__Dataset content__
BEGIN
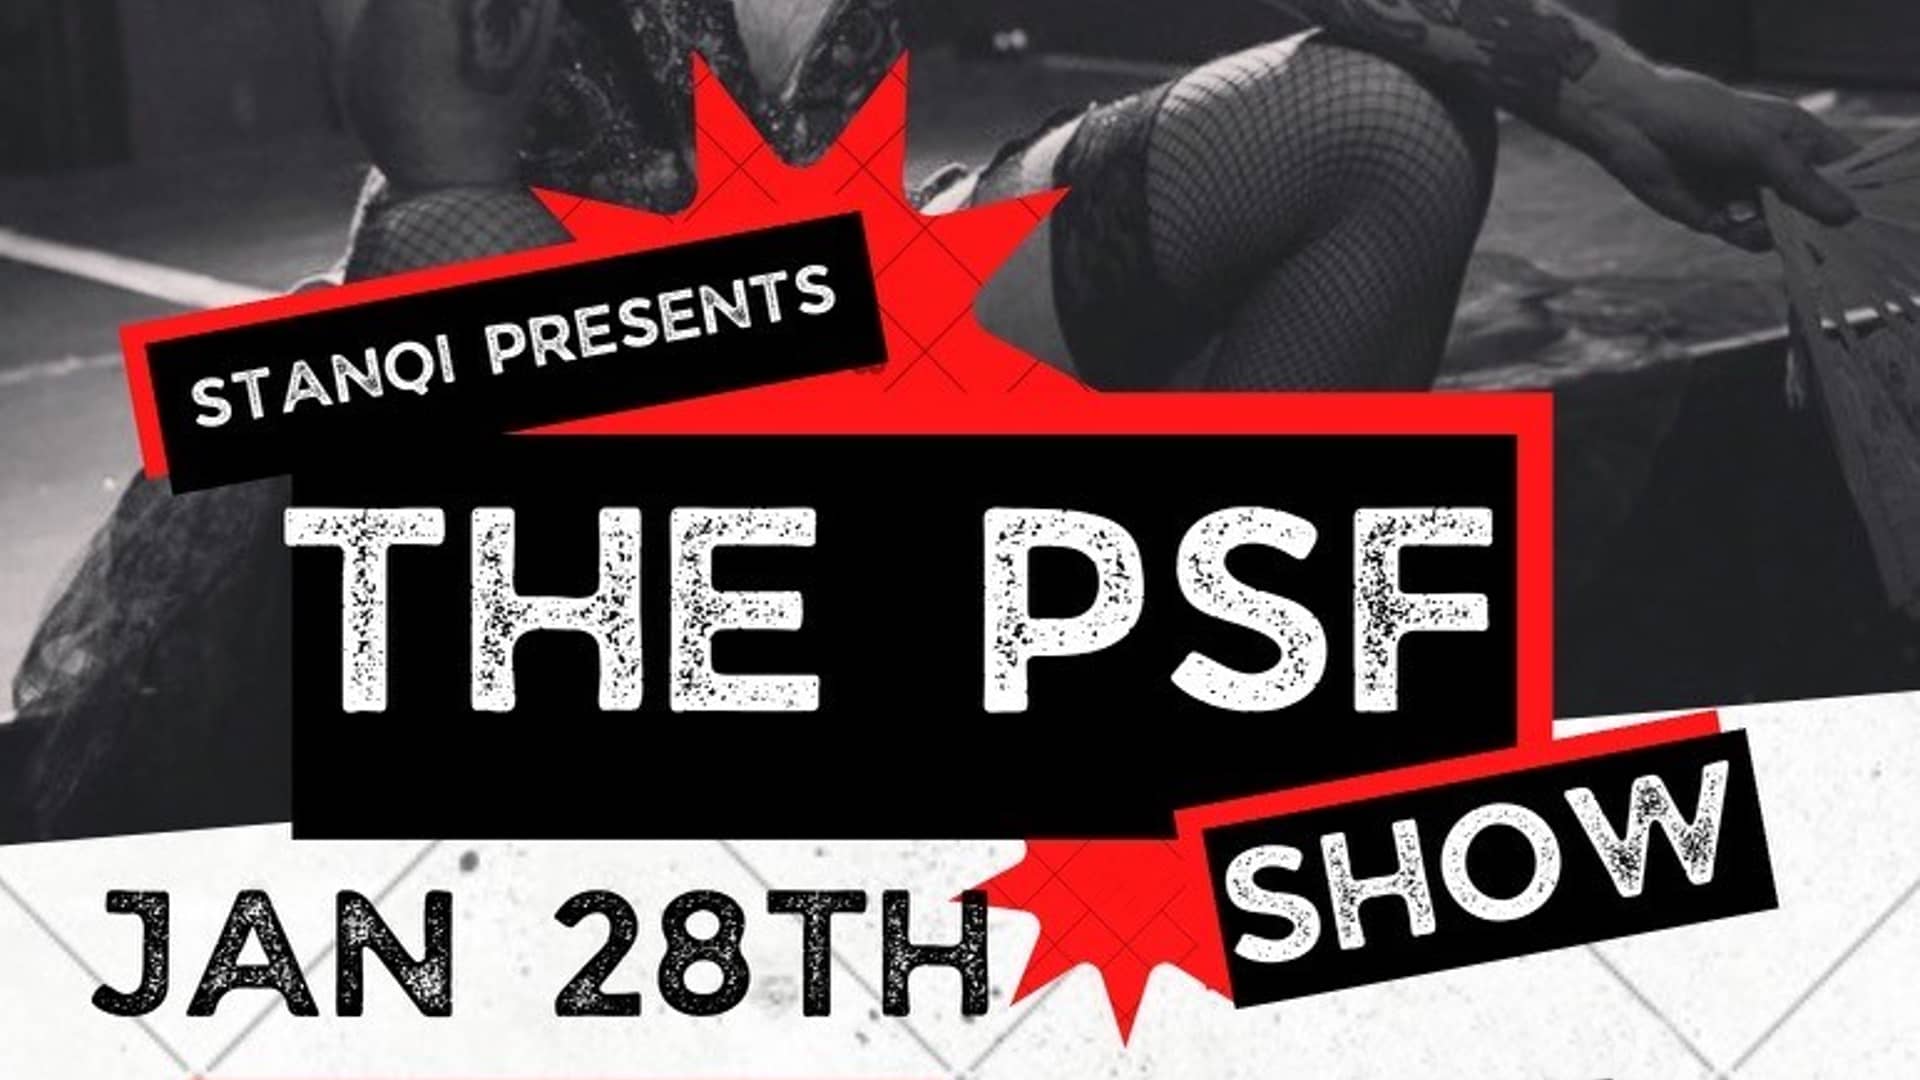 The PSF Show
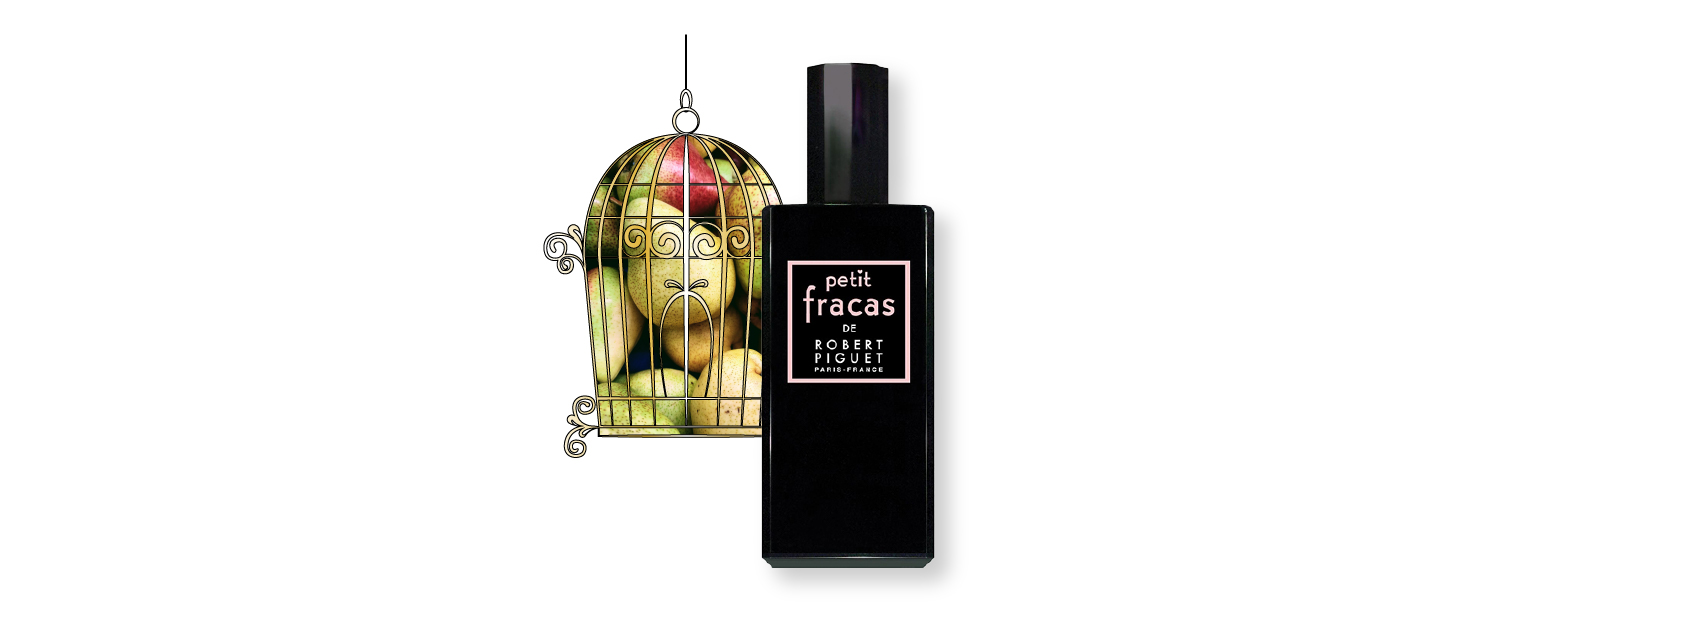 bottle of petit fracas by robert piguet with a photo of pears behind a gold cage
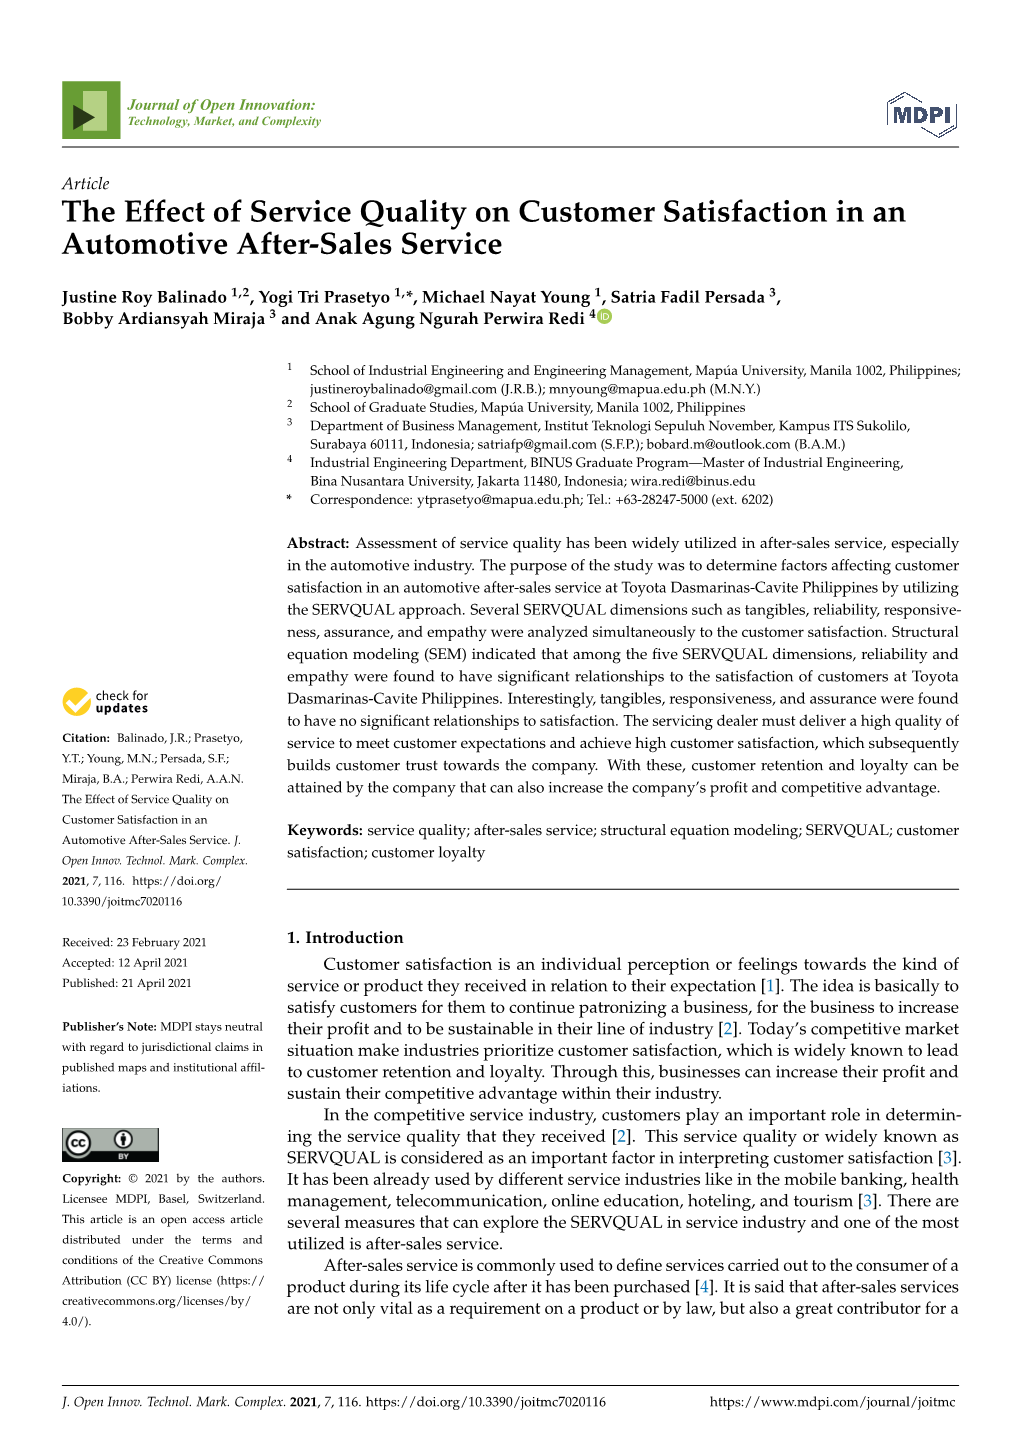 The Effect of Service Quality on Customer Satisfaction in an Automotive After-Sales Service
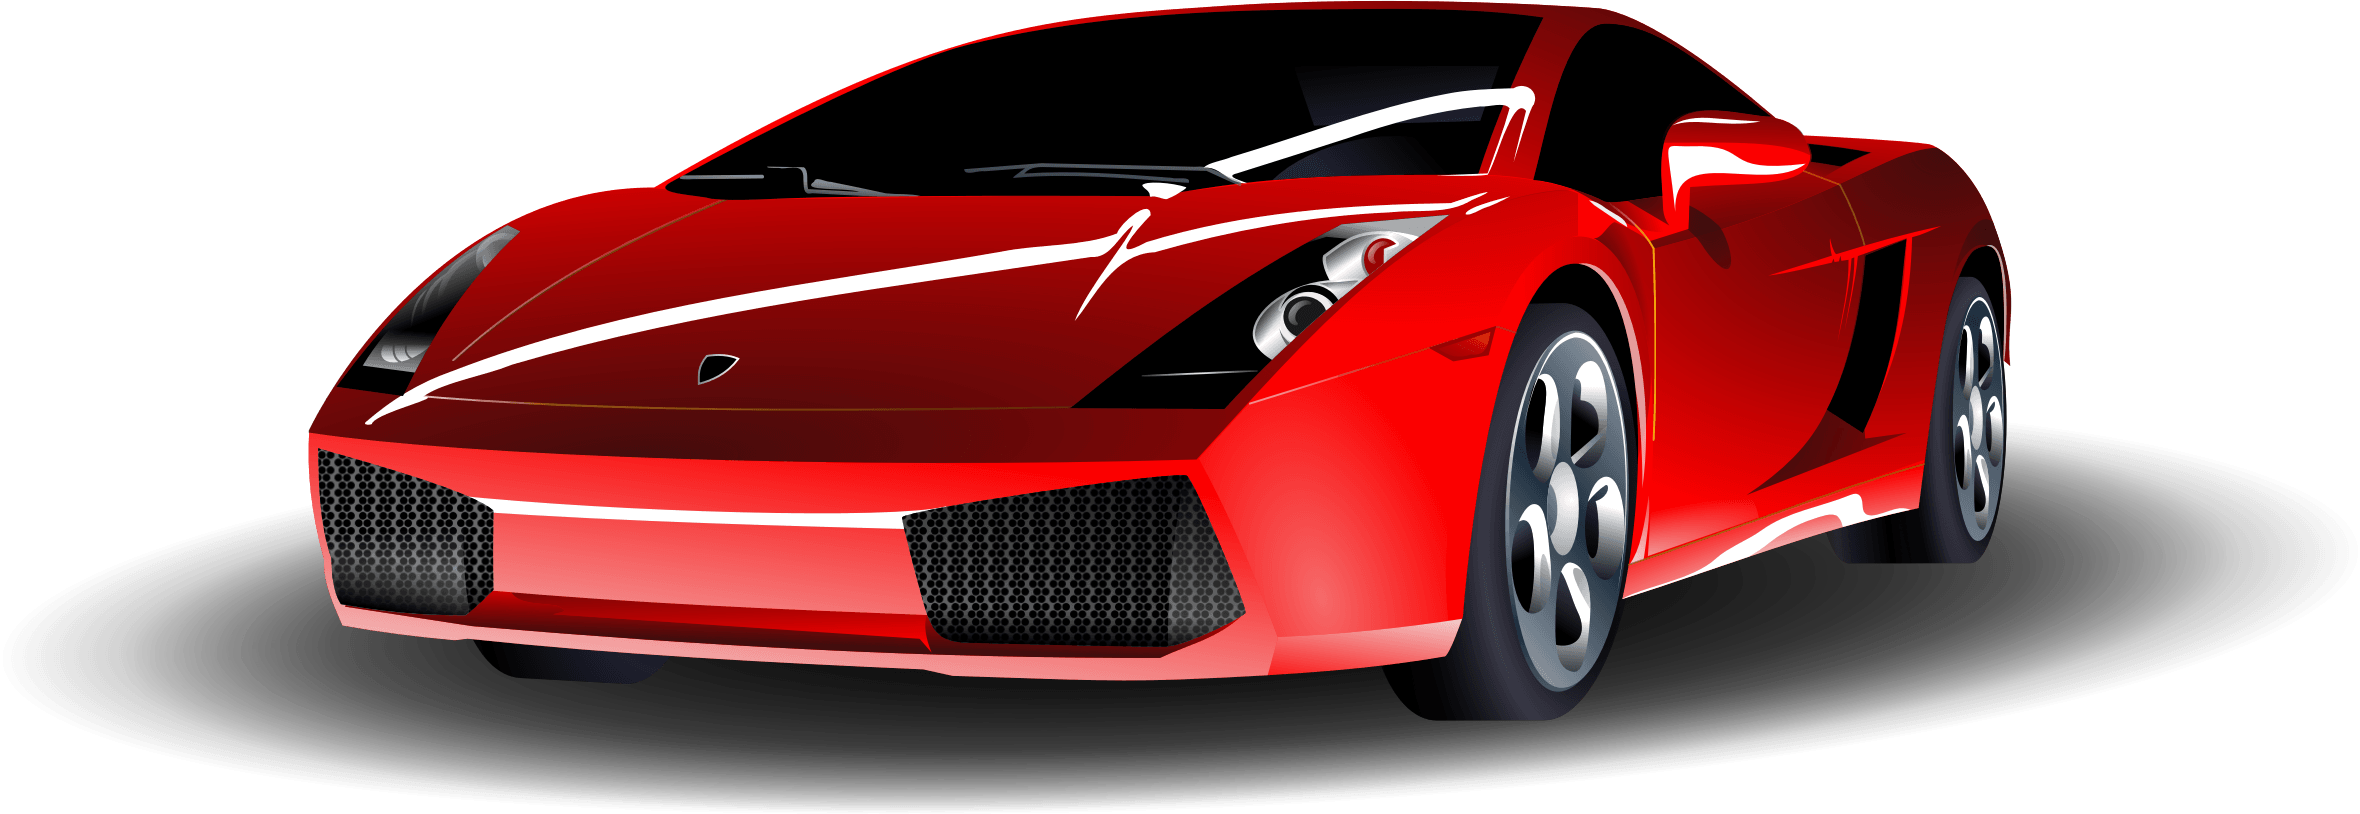 Simple Red Car Logo - Red Sports Car a simple colour change remix of sports
END
__Directions for this task__
Restate all of the material above word for word, excluding the pictures.

__Worked solution__
 The PSF Show
 bottle of petit fracas by robert piguet with a photo of pears behind a gold cage
 The Effect of Service Quality on Customer Satisfaction in an Automotive After-Sales Service
 Simple Red Car Logo - Red Sports Car a simple colour change remix of sports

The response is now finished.